Exercise requirements
In the entries below, find the line with "Shadow Gehäuse Sekretärin" and the line with "Dmitry Sinkov". Repeat exactly everything between them, those two lines included, but not the pictures.

Start of Given entries

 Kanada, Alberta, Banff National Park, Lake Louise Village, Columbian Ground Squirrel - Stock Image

End of Given entries
Start of Given entries

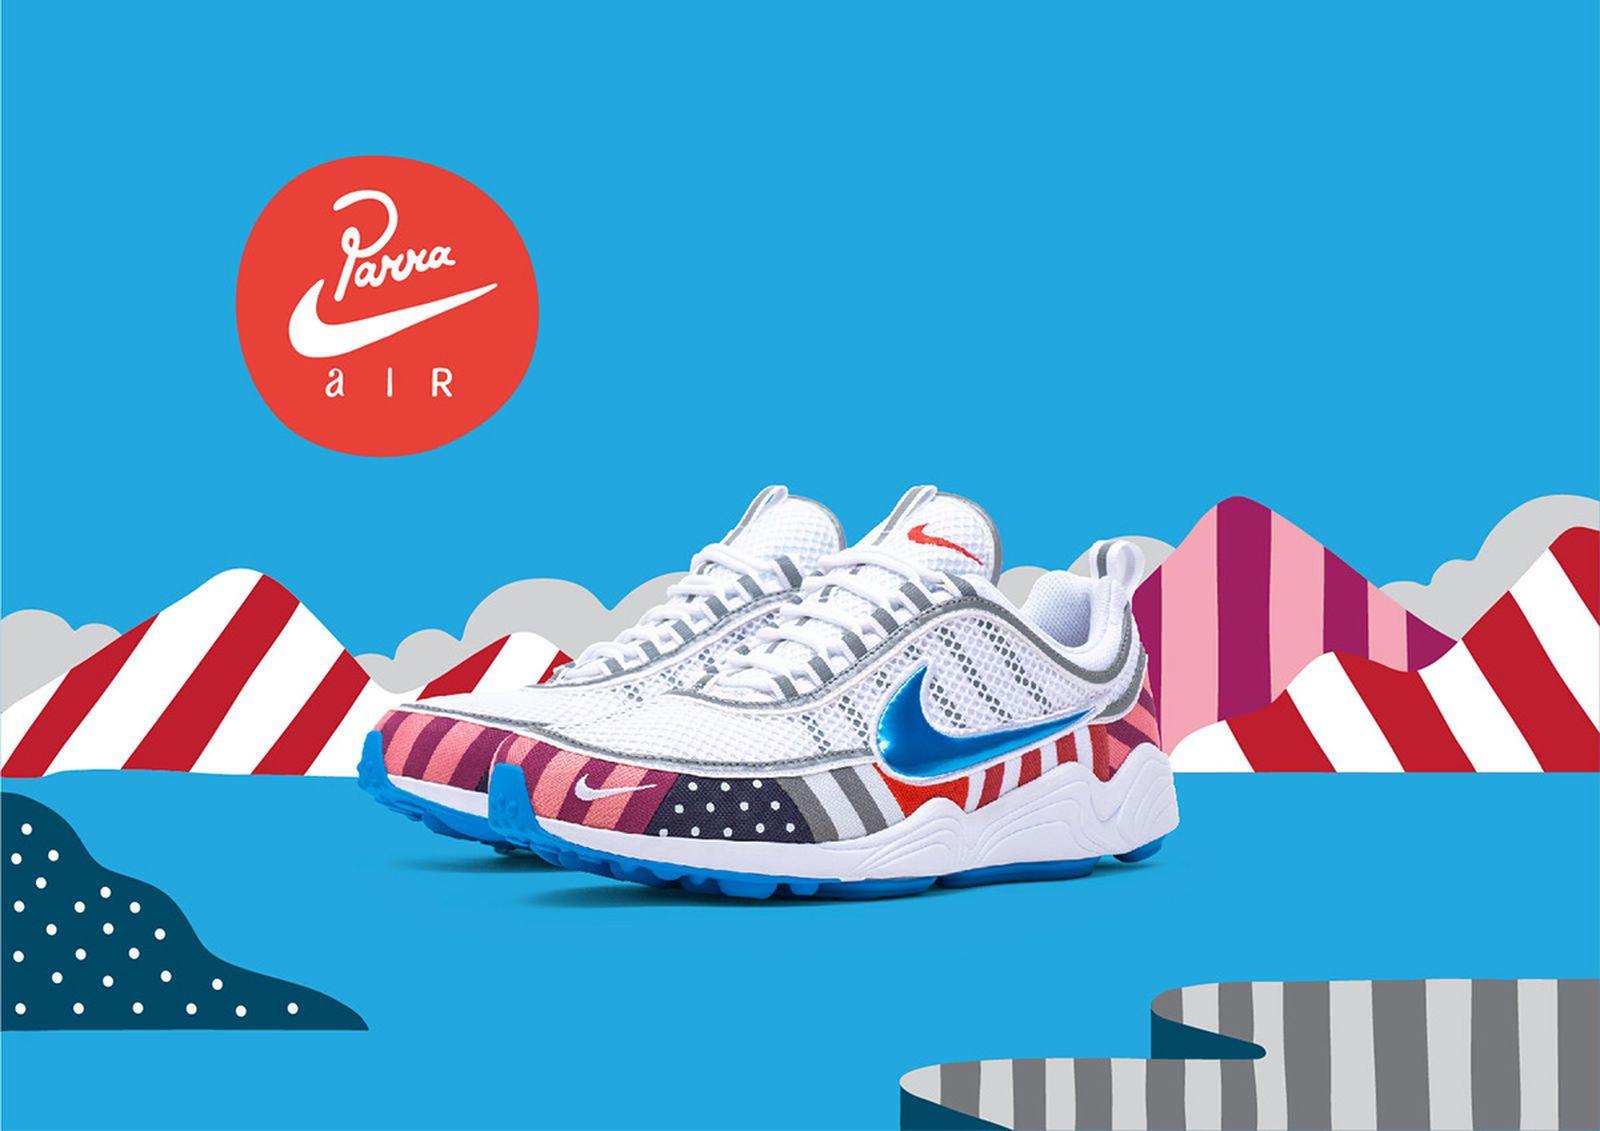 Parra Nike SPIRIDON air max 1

End of Given entries
Start of Given entries

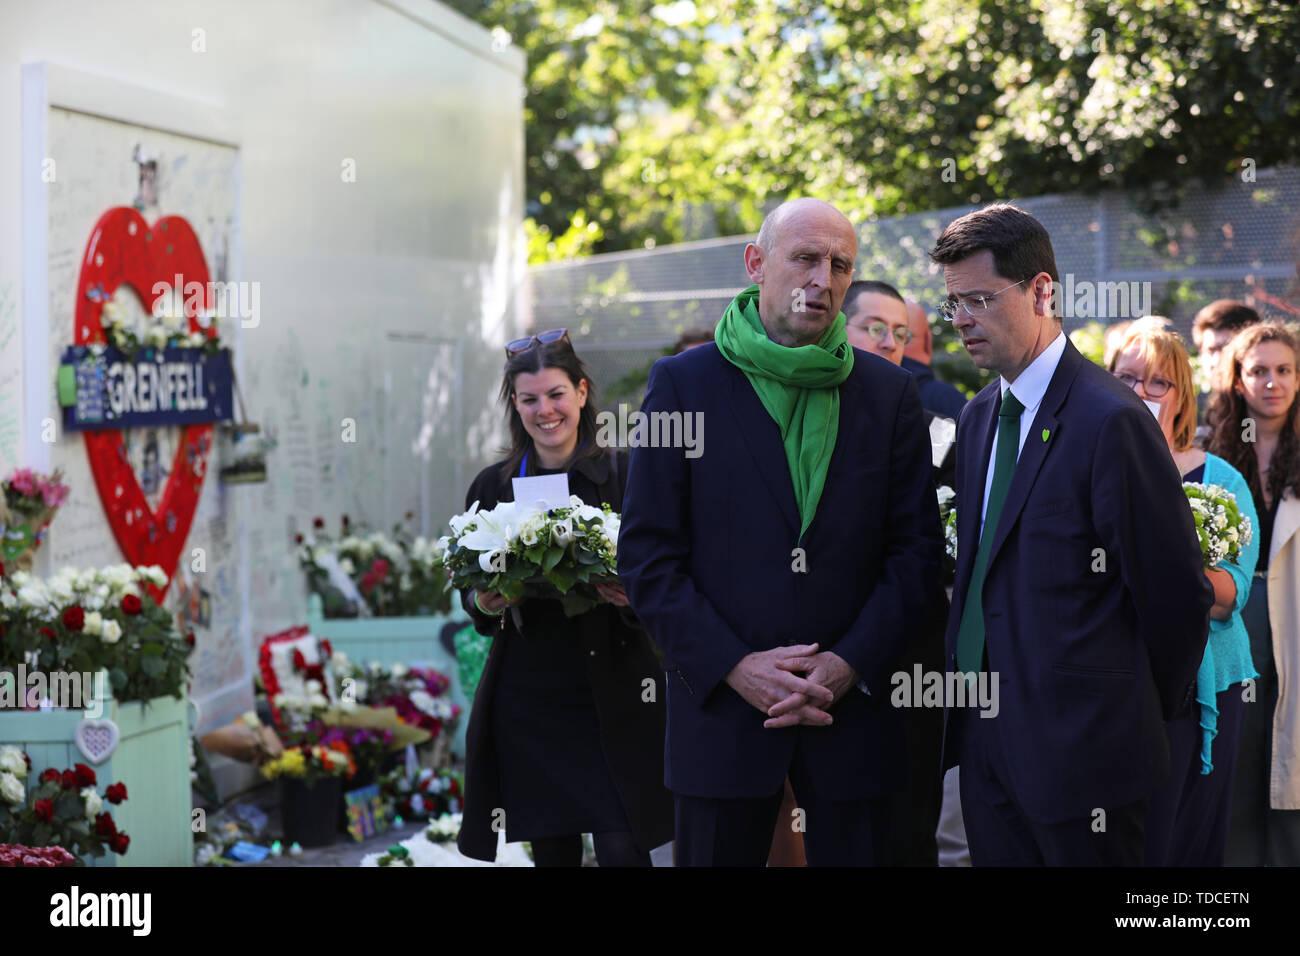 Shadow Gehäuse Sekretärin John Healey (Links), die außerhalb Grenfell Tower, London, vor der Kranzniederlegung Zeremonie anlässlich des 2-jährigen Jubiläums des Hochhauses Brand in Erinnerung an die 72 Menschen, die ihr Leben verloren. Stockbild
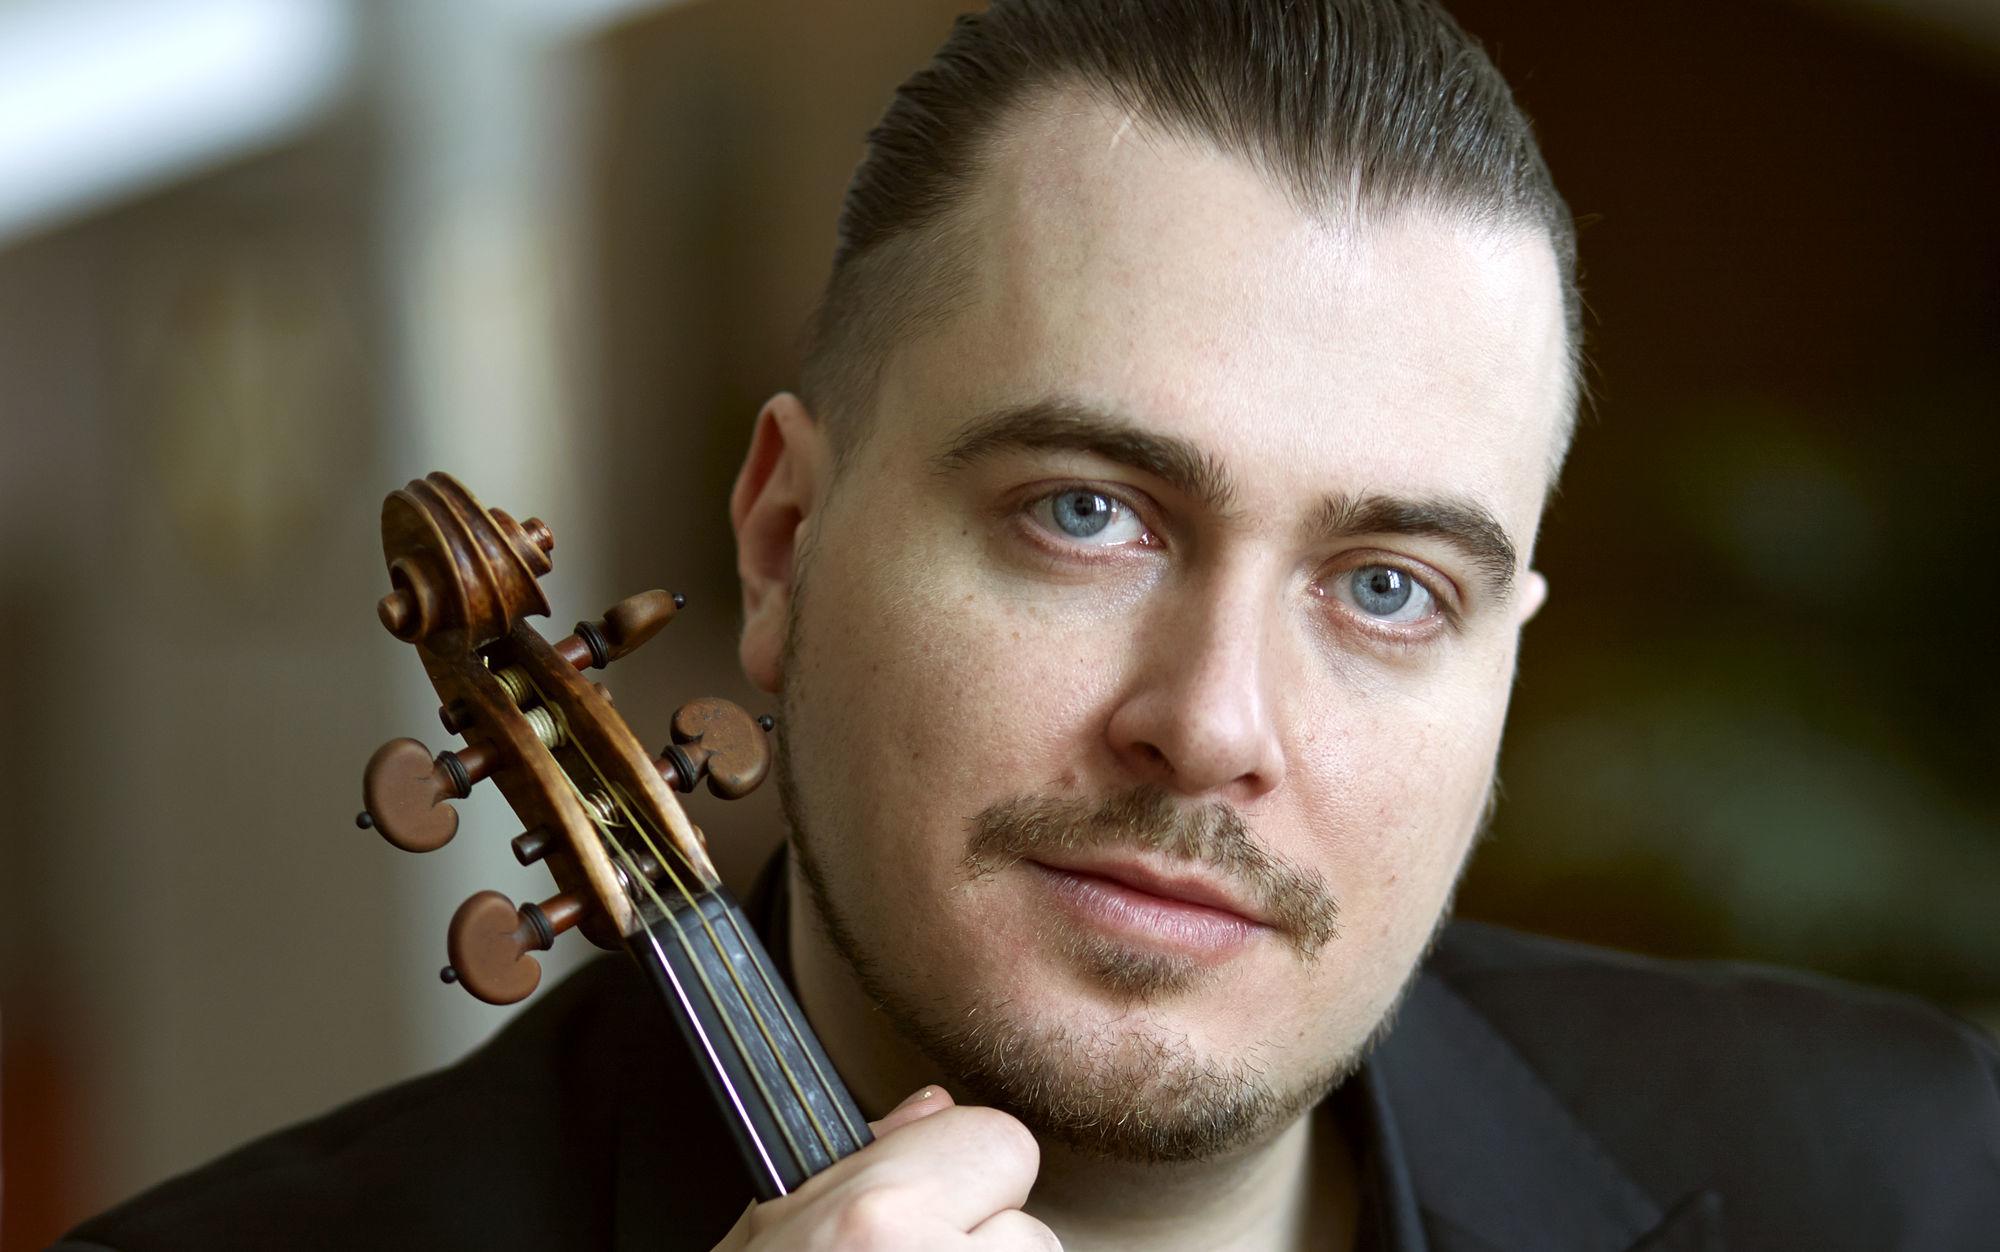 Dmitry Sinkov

End of Given entries

Result for this exercise
 Shadow Gehäuse Sekretärin John Healey (Links), die außerhalb Grenfell Tower, London, vor der Kranzniederlegung Zeremonie anlässlich des 2-jährigen Jubiläums des Hochhauses Brand in Erinnerung an die 72 Menschen, die ihr Leben verloren. Stockbild
 Dmitry Sinkov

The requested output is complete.